Périgueux : le temple maçonnique historique vandalisé par des tags injurieux
Une plainte a été déposée après la découverte de graffitis sur la façade de l'édifice protégé, construit en 1869 et inscrit aux monuments historiques.
Le temple maçonnique de Périgueux a été vandalisé dans la matinée du 15 juillet 2026. Des tags injurieux ont été découverts sur la façade nord de l'édifice historique, provoquant l'indignation de la communauté franc-maçonne. Une plainte a été déposée.
L'essentiel
Ce qu'il faut retenir
- Des tags injurieux ont été découverts le 15 juillet 2026 sur la façade du temple maçonnique de Périgueux, rue Saint-Front.
- L'édifice, construit en 1869, est inscrit aux monuments historiques depuis le 29 octobre 1975.
- Une plainte a été déposée au commissariat de Périgueux, mais l'enquête s'annonce complexe faute de caméras ou de témoins.
- Les tags ont été nettoyés le jour même de leur découverte.
Des graffitis injurieux ont été découverts le matin du 15 juillet 2026 sur la façade nord du temple maçonnique de Périgueux, rue Saint-Front. Les tags ont été qualifiés de « nauséabonds et salaces » par Pascal Serre, ancien maire de Chancelade et connaisseur du monde maçonnique, selon Sud Ouest.
Une plainte a été déposée auprès du commissariat de Périgueux pour identifier les auteurs de cet acte de vandalisme. Les tags ont été nettoyés et effacés le jour même de leur découverte.

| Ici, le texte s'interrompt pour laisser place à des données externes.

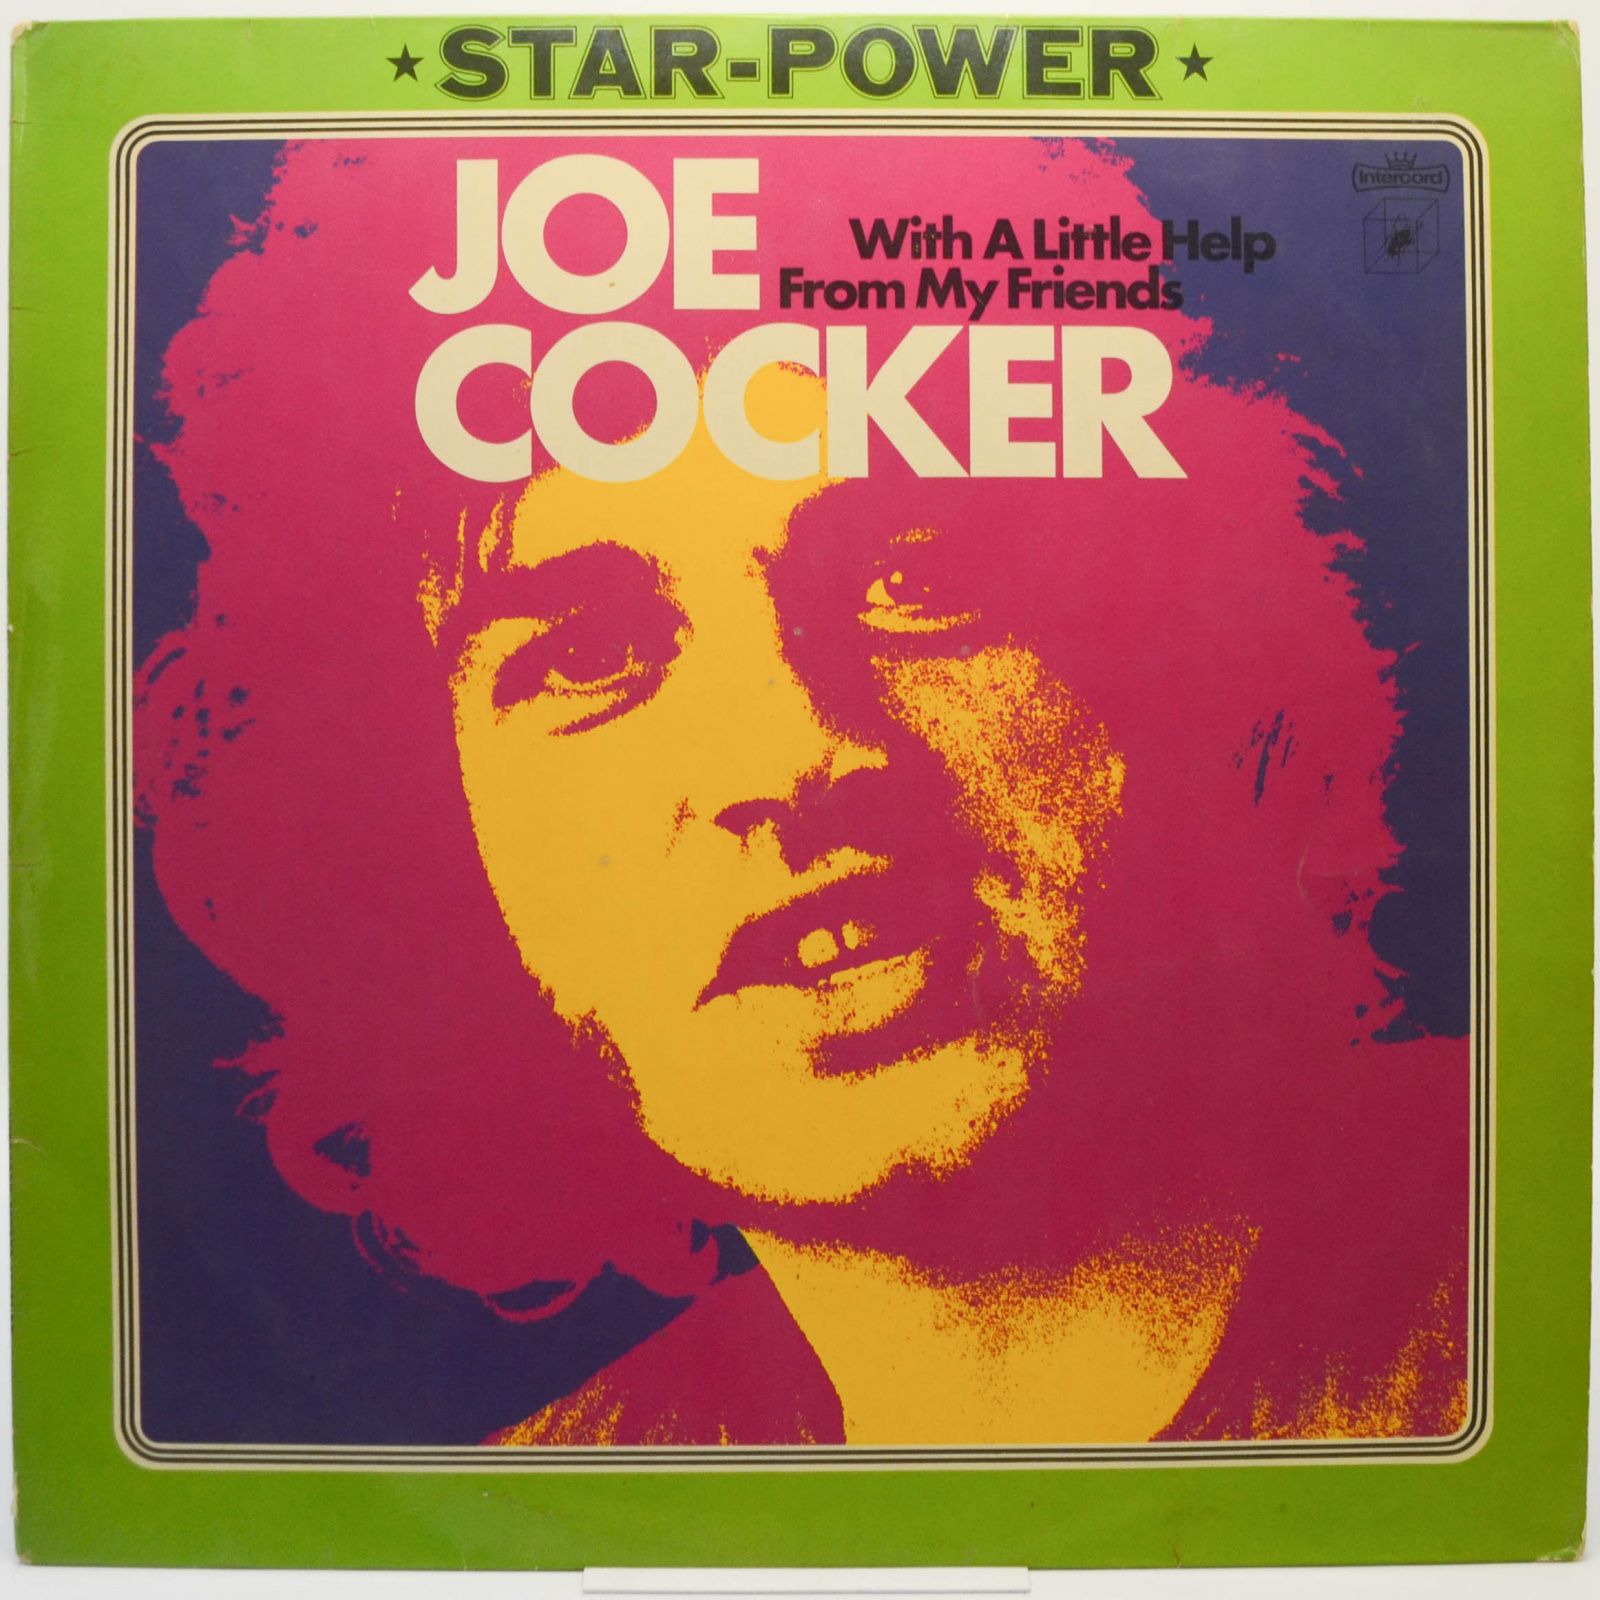 Joe Cocker — With A Little Help From My Friends, 1969
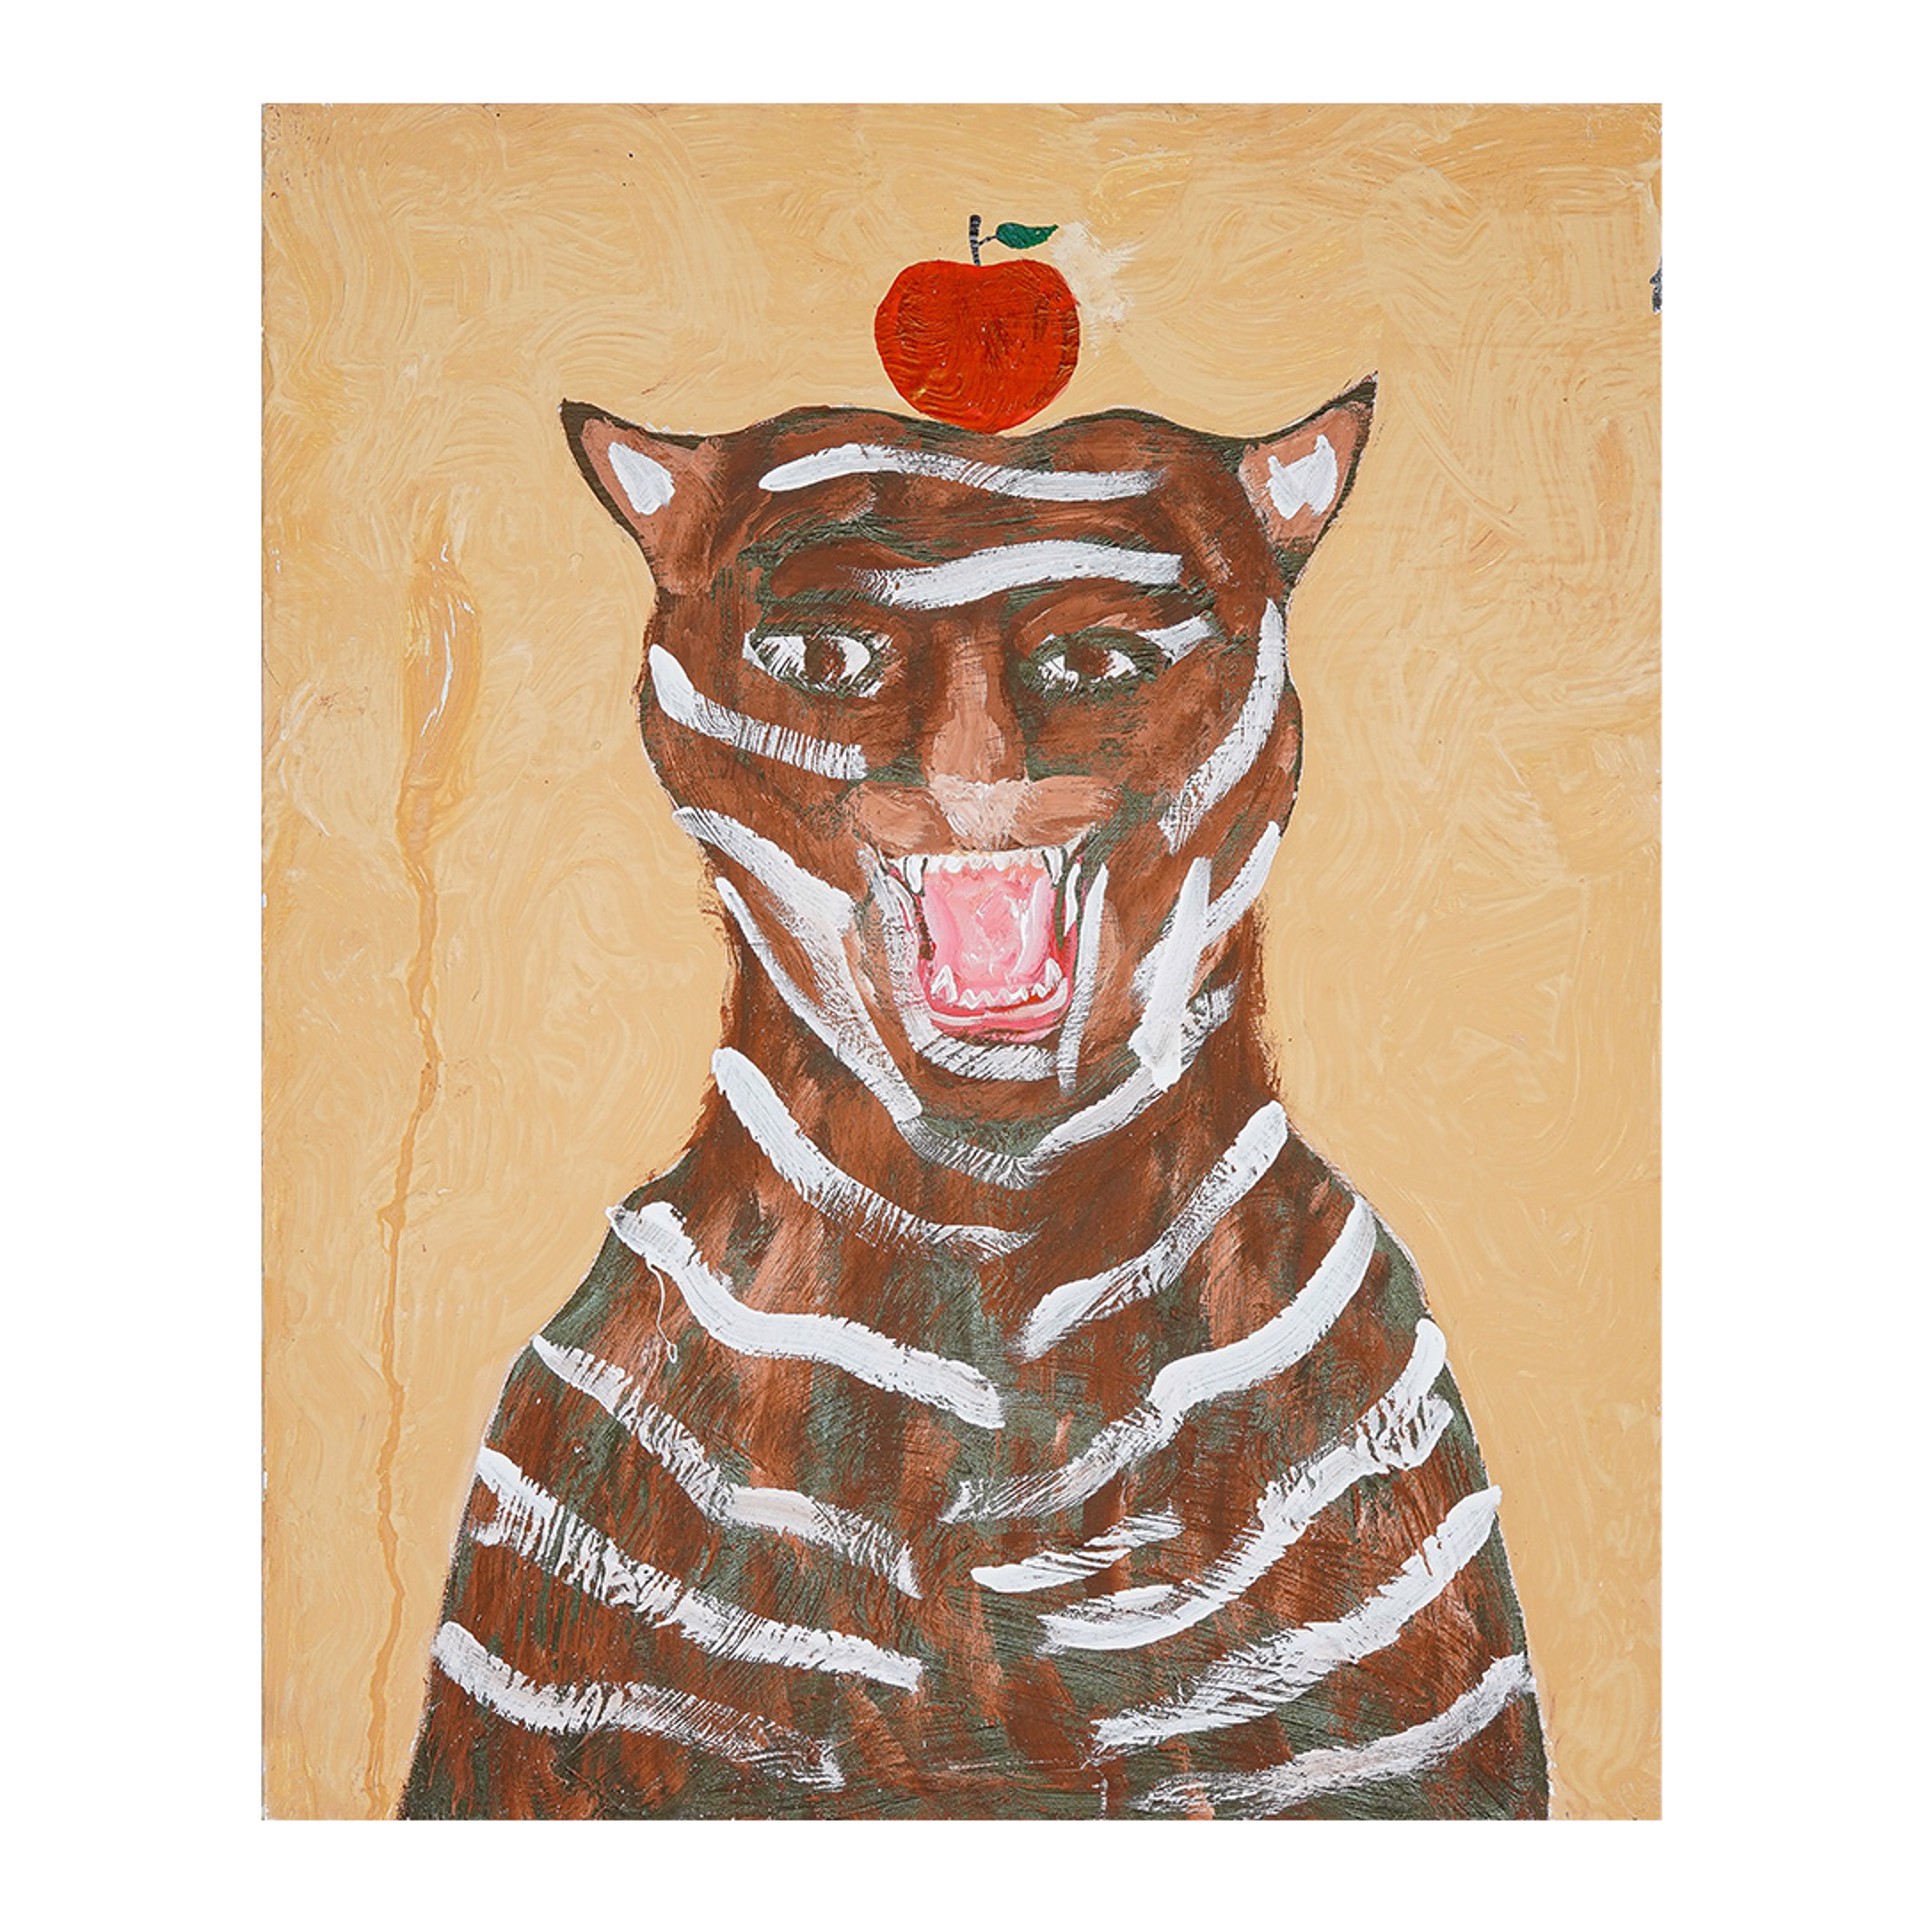 Tiger Sings Apple by Riz Riz Rizz
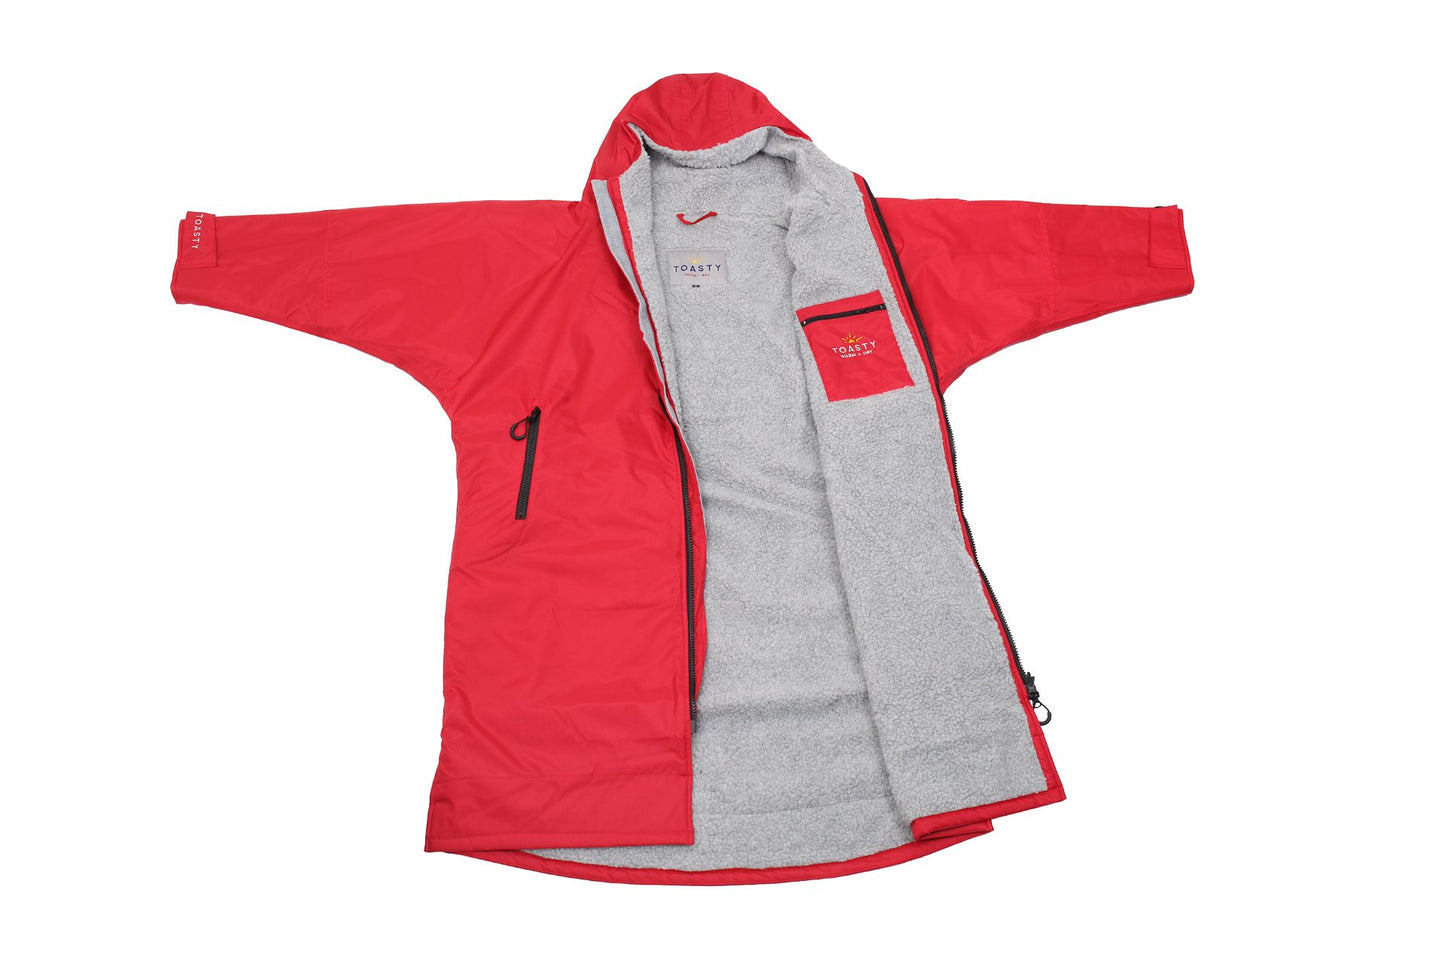 Toasty Ultimate weatherproof jacket change robe  in red open

Un édifice protégé depuis 1975
Le temple maçonnique de Périgueux a été construit en 1869 dans un style mauresque balkanique. Ses façades et toitures sont inscrites au titre des monuments historiques depuis le 29 octobre 1975, selon la base Mérimée du ministère de la Culture.
L’édifice avait déjà été ciblé par le passé, mais l’intensité des messages actuels est jugée inédite par Pascal Serre, rapporte Dordogne Libre. L’événement lui a rappelé « les temps sombres de l’occupation », en référence aux persécutions subies par les francs-maçons sous le régime de Vichy.
Une enquête complexe
L’enquête pour retrouver les coupables pourrait s’avérer difficile. Selon Dordogne Libre, il n’y aurait ni caméras de surveillance ni témoins directs pour orienter les investigations. Les forces de l’ordre devront s’appuyer sur d’autres moyens pour identifier les auteurs.
Les actes de vandalisme visant des édifices historiques peuvent être punis de peines aggravées. La dégradation d’un monument protégé est passible de sanctions pénales renforcées au titre du patrimoine culturel.
Contexte dans la Dordogne
Périgueux, préfecture de la Dordogne, compte environ 30 000 habitants. La ville abrite plusieurs édifices classés ou inscrits aux monuments historiques, dont la cathédrale Saint-Front et des vestiges gallo-romains.
Le département de la Dordogne recense environ 900 monuments historiques protégés répartis sur l’ensemble du territoire, selon les données du ministère de la Culture. Les actes de vandalisme restent rares mais provoquent systématiquement l’indignation des associations de défense du patrimoine.
Les communautés maçonniques périgourdines n’ont pas communiqué publiquement sur cet acte, mais l’indignation se fait sentir au sein du milieu franc-maçon local. Pascal Serre a exprimé son émotion face à ces dégradations qui touchent un lieu chargé d’histoire.
Prochaines étapes
L’enquête suit son cours au commissariat de Périgueux. Les services de police devront déterminer si d’autres actes similaires ont été commis dans le secteur et si un lien peut être établi avec des mouvements organisés.
La communauté franc-maçonne locale attend des résultats concrets de l’enquête. L’identification des auteurs permettrait de sanctionner un acte jugé particulièrement grave par les défenseurs du patrimoine historique.